Exercise data:
——————————

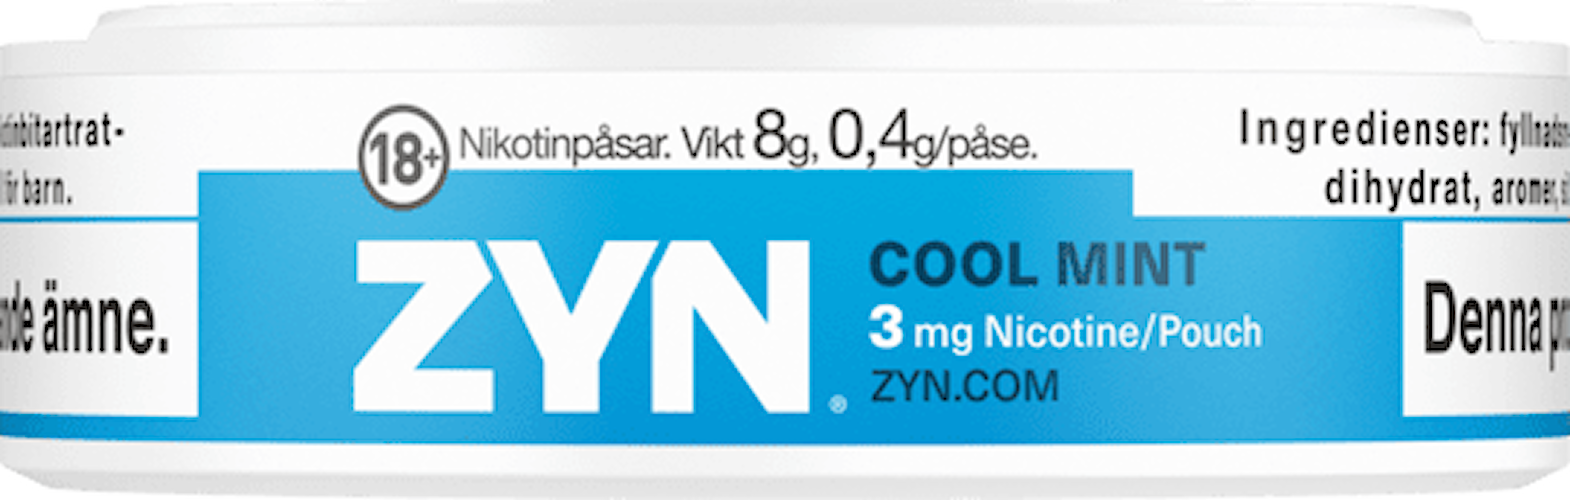 ZYN® Mini Dry Cool Mint 3mg
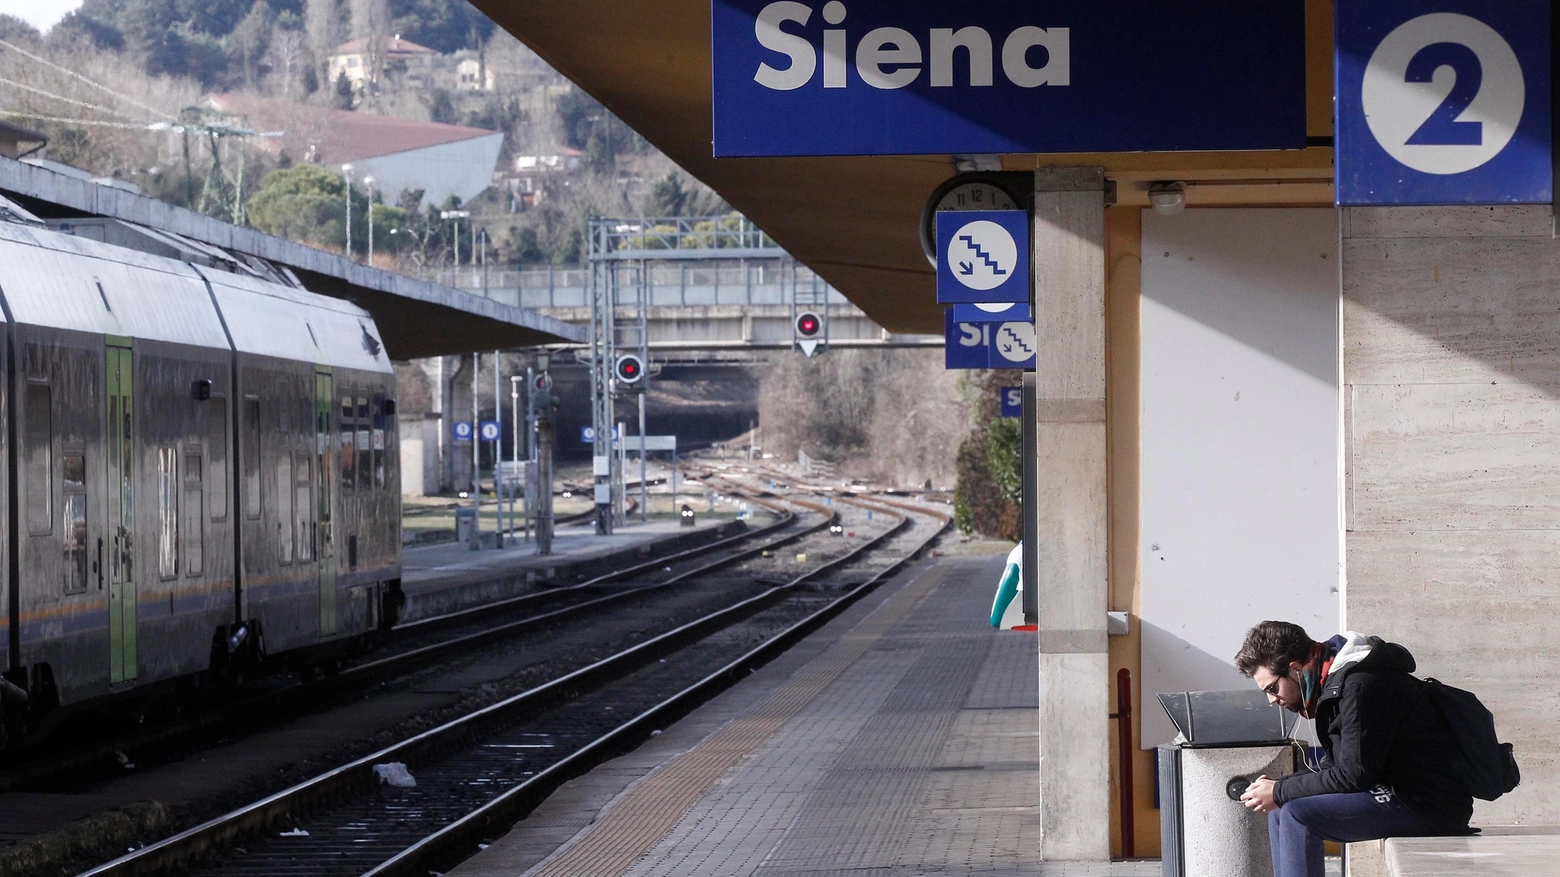 La stazione di Siena (foto d'archivio)
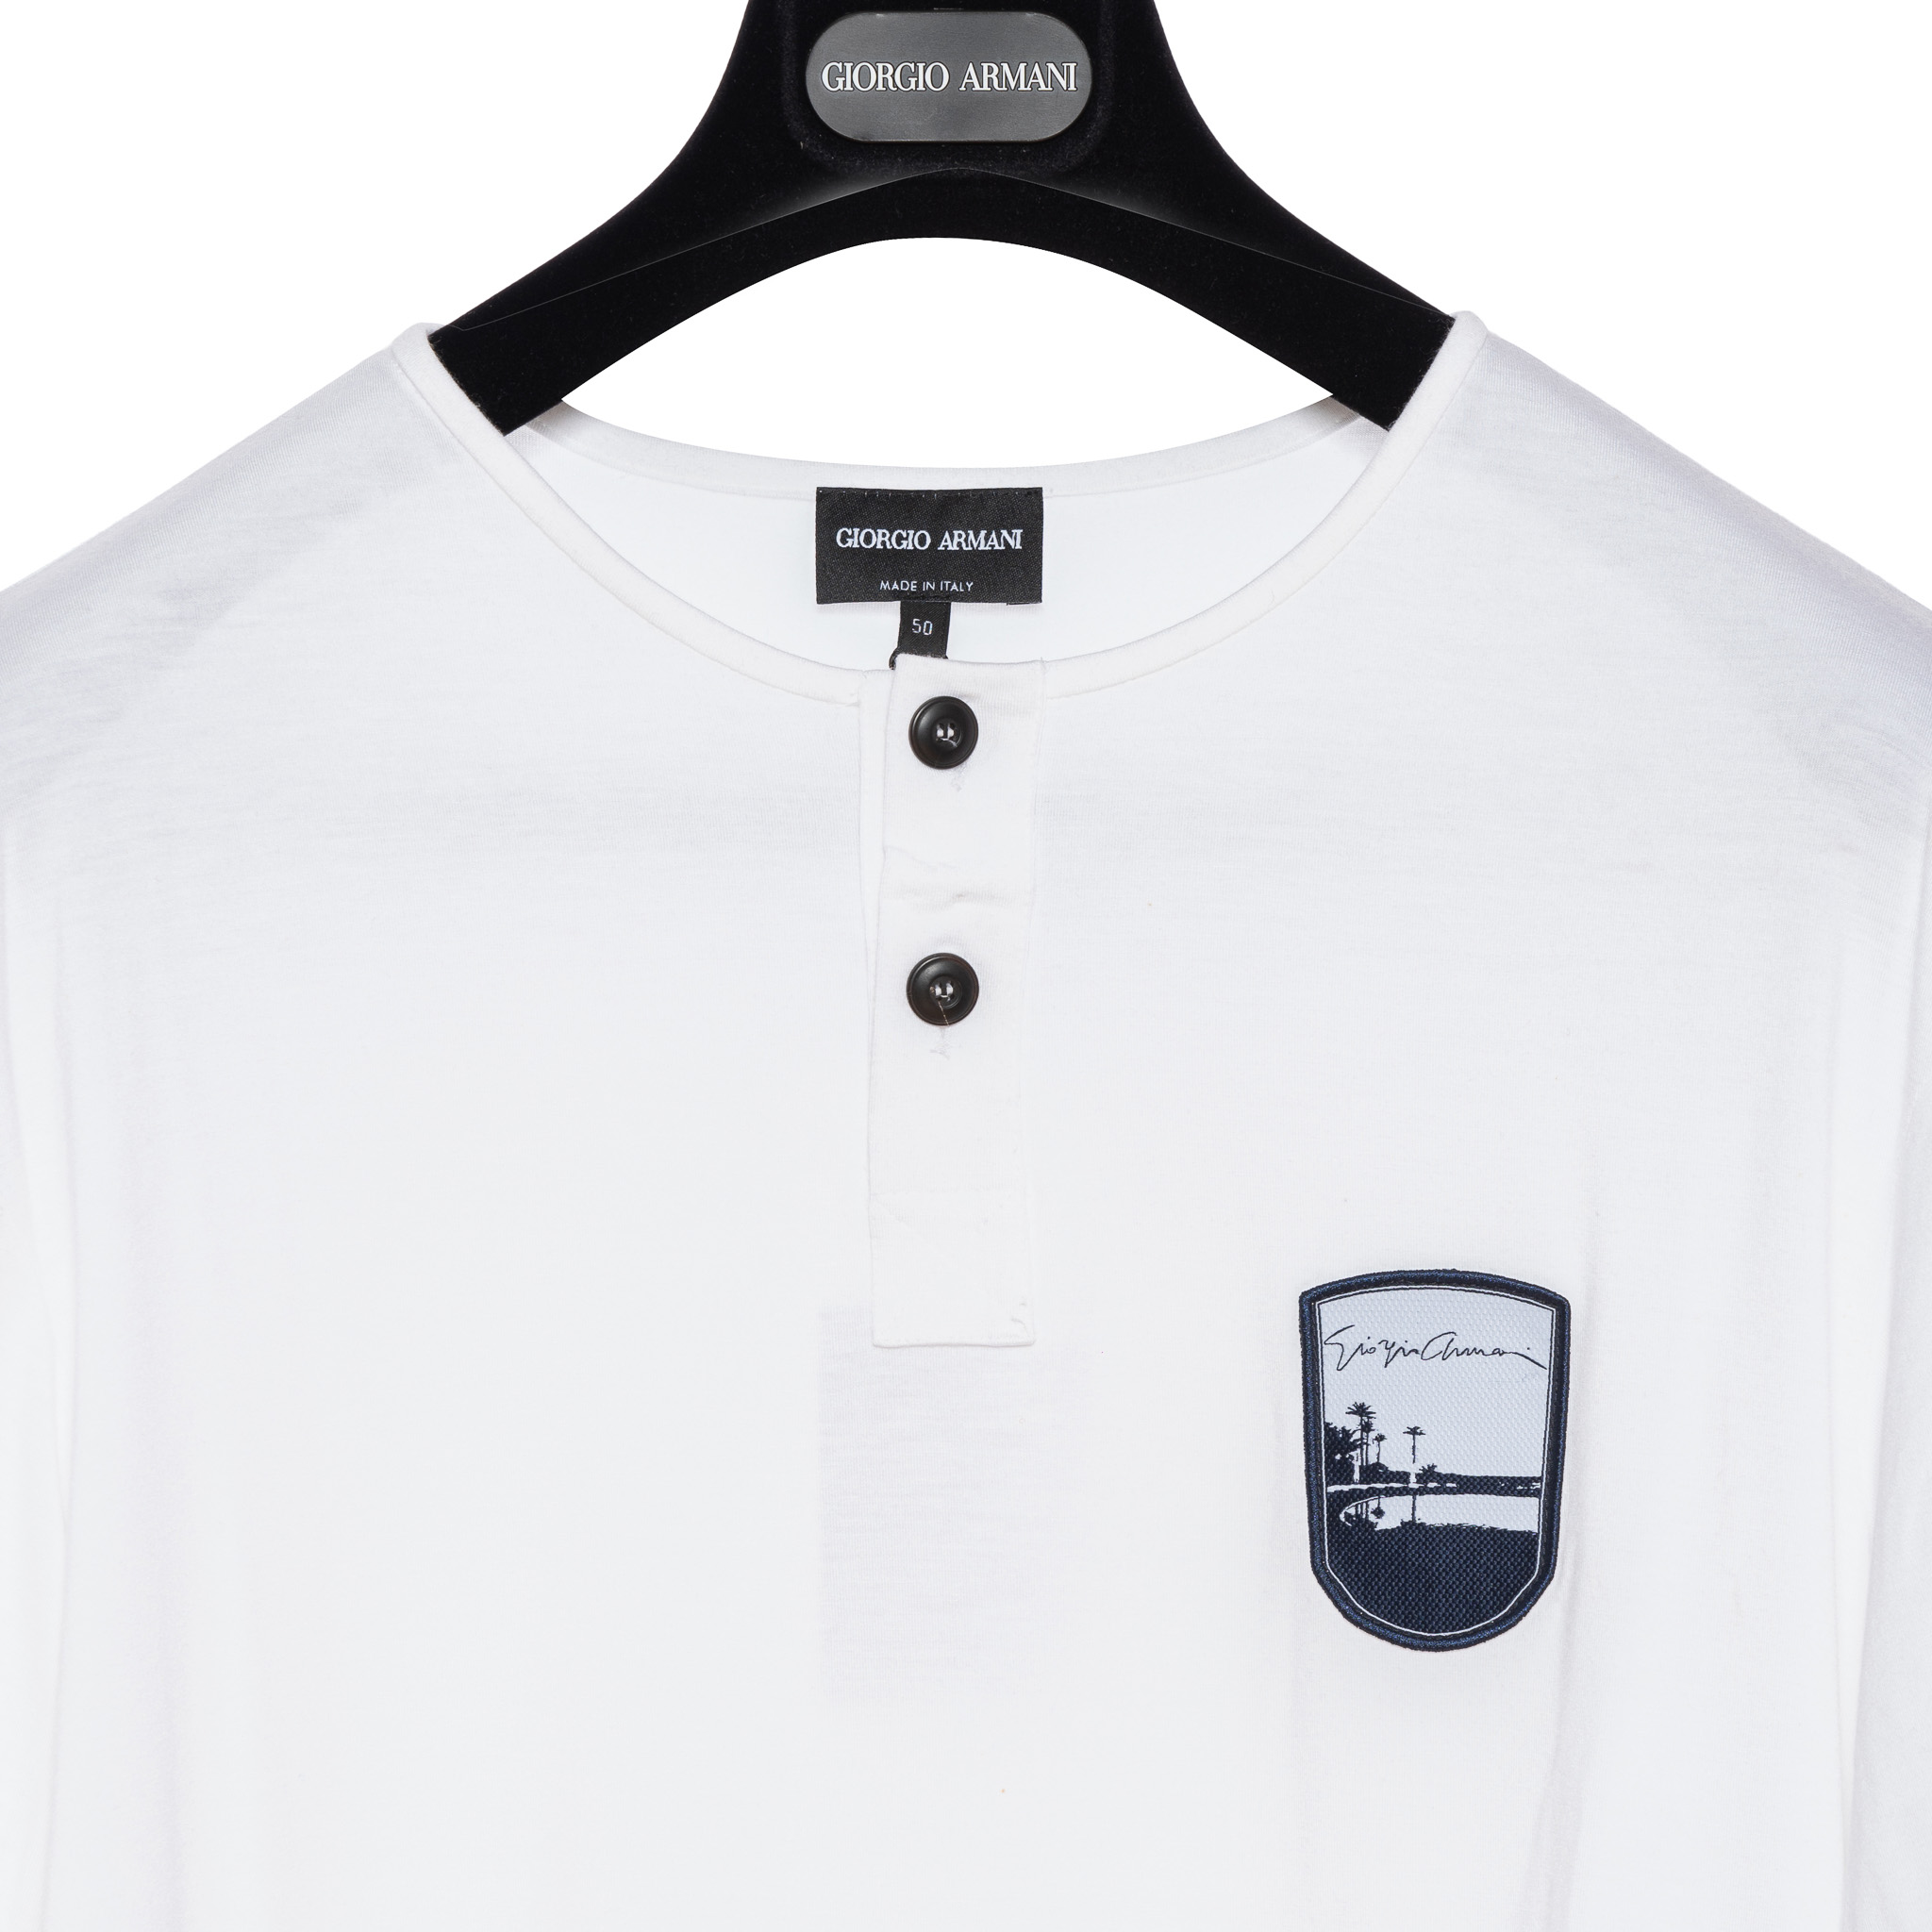 490$ GIORGIO ARMANI T-shirt Polo Henley White Brand Logo on Chest 40 US /  50 EU - Luxgentleman

——————————

Repeat the material exactly. Skip the images.

 ZYN® Mini Dry Cool Mint 3mg
 La stazione di Siena (foto d'archivio)
 490$ GIORGIO ARMANI T-shirt Polo Henley White Brand Logo on Chest 40 US /  50 EU - Luxgentleman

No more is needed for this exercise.